To mark this important point in our history, and as someone who has had to study road names obsessively, CabbieBlog gives you a tour of London ‘Jubilees’.
Jubilee Hall, The Piazza, Covent Garden, built-in 1904, with its Jubilee Market, is probably the most famous of them all.
Jubilee Avenue E4, near Highams Park Underground Station, is handy if you have a need for the North Circular Road very close by.
Jubilee Close NW10 & NW9 off Nicoll Road, Harlesden, is more a street than a close and so long it has two postcodes.
Jubilee Crescent N9, backing Henry Barrass Recreation Ground, Edmonton this thoroughfare at least lives up to its name, being a perfect crescent.
Jubilee Place SW3, running off King’s Road is probably the most expensive ‘Jubilee’ as it is a short walk from Sloane Square.

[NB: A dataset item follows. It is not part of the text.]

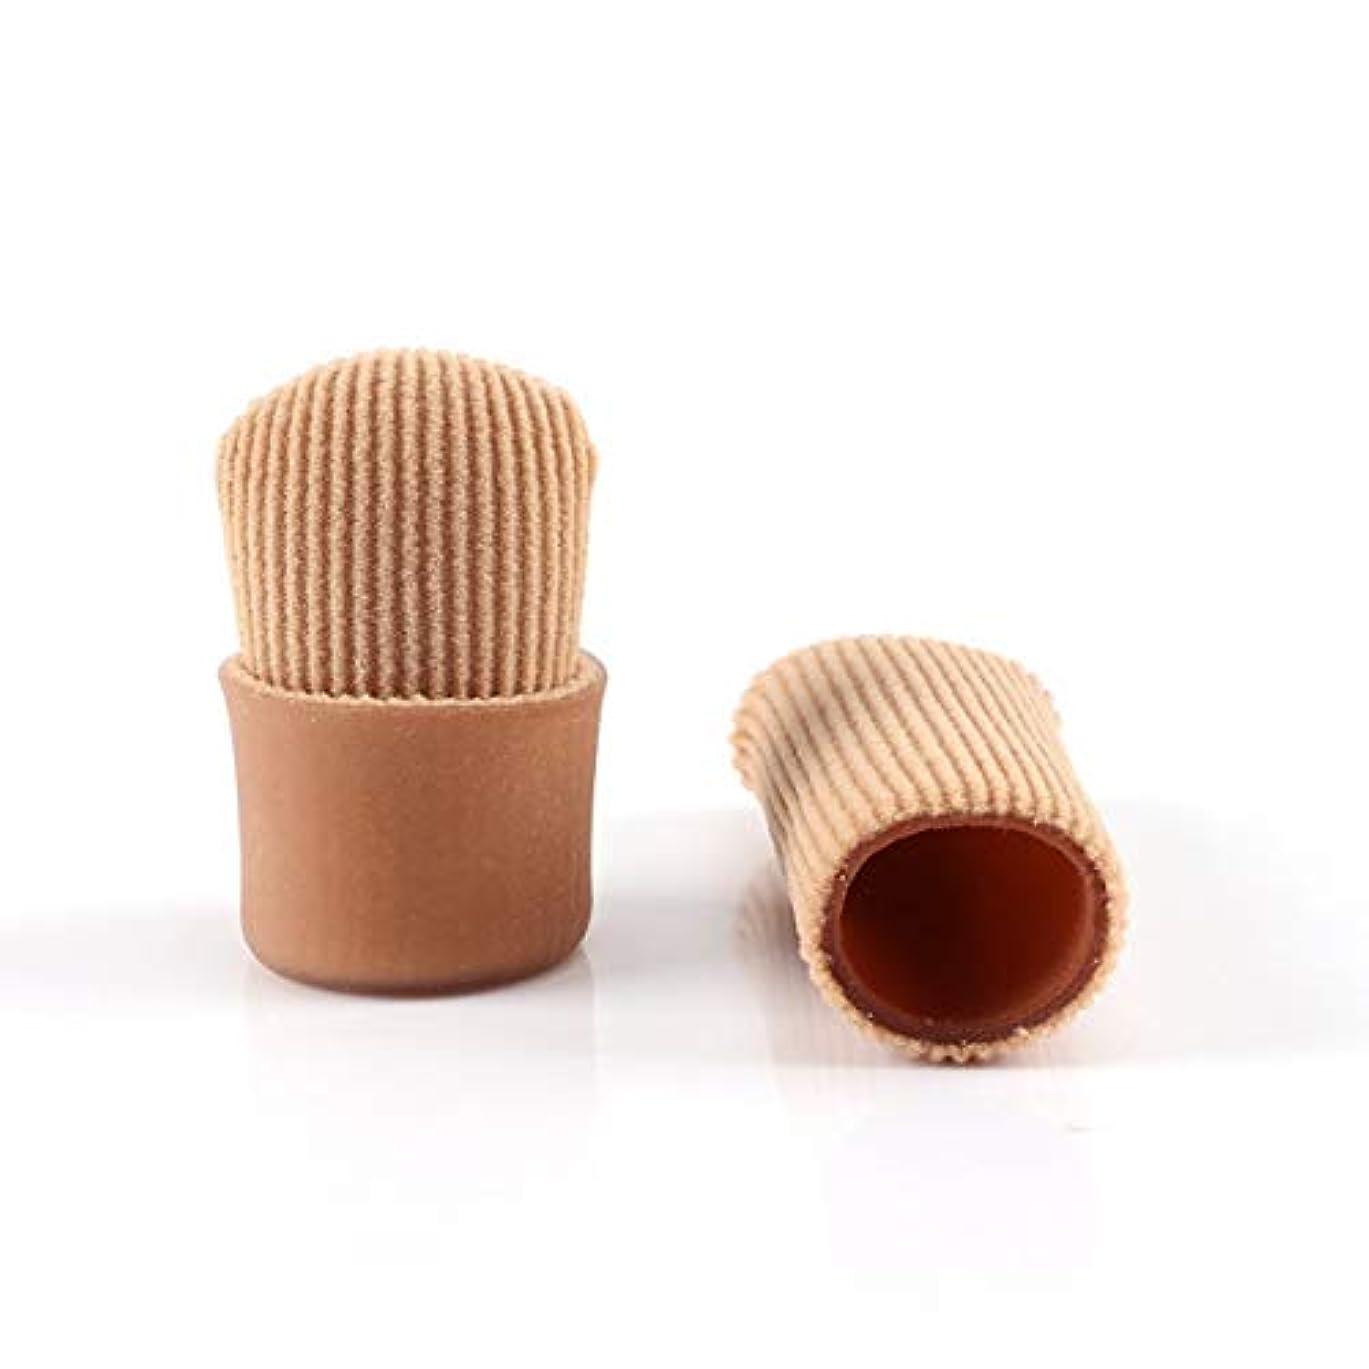 出発知的講堂Open Toe Tubes Gel Lined Fabric Sleeve Protectors To Prevent Corns, Calluses And Blisters While Softening Soothing...

Jubilee Street E1, off Commercial Road, runs parallel to Sidney Street, made famous when Winston Churchill directed police in the famous siege of 1911.
Jubilee Terrace, Burlington Road SW6, handy if you are a Fulham supporter, Craven Cottage is a two-minute walk away.
Jubilee Way SW19, those living South of the River must be Republicans as this ‘Jubilee’ near South Wimbledon is the only one in London not located in London’s northern environs. It looks quite long on the map, but being down Sarf, I haven’t checked it out.
4 thoughts on “Are there any more Jubilees left?”
As a former Wimbledon resident from 1978-1985, I can tell you that Jubilee Way is ‘only just’ in Wimbedon. It is in Merton Abbey district, barely in South Wimbledon. That means it is ‘almost’ in Micham! 🙂
I stand corrected. Thanks for the comment, and clarification.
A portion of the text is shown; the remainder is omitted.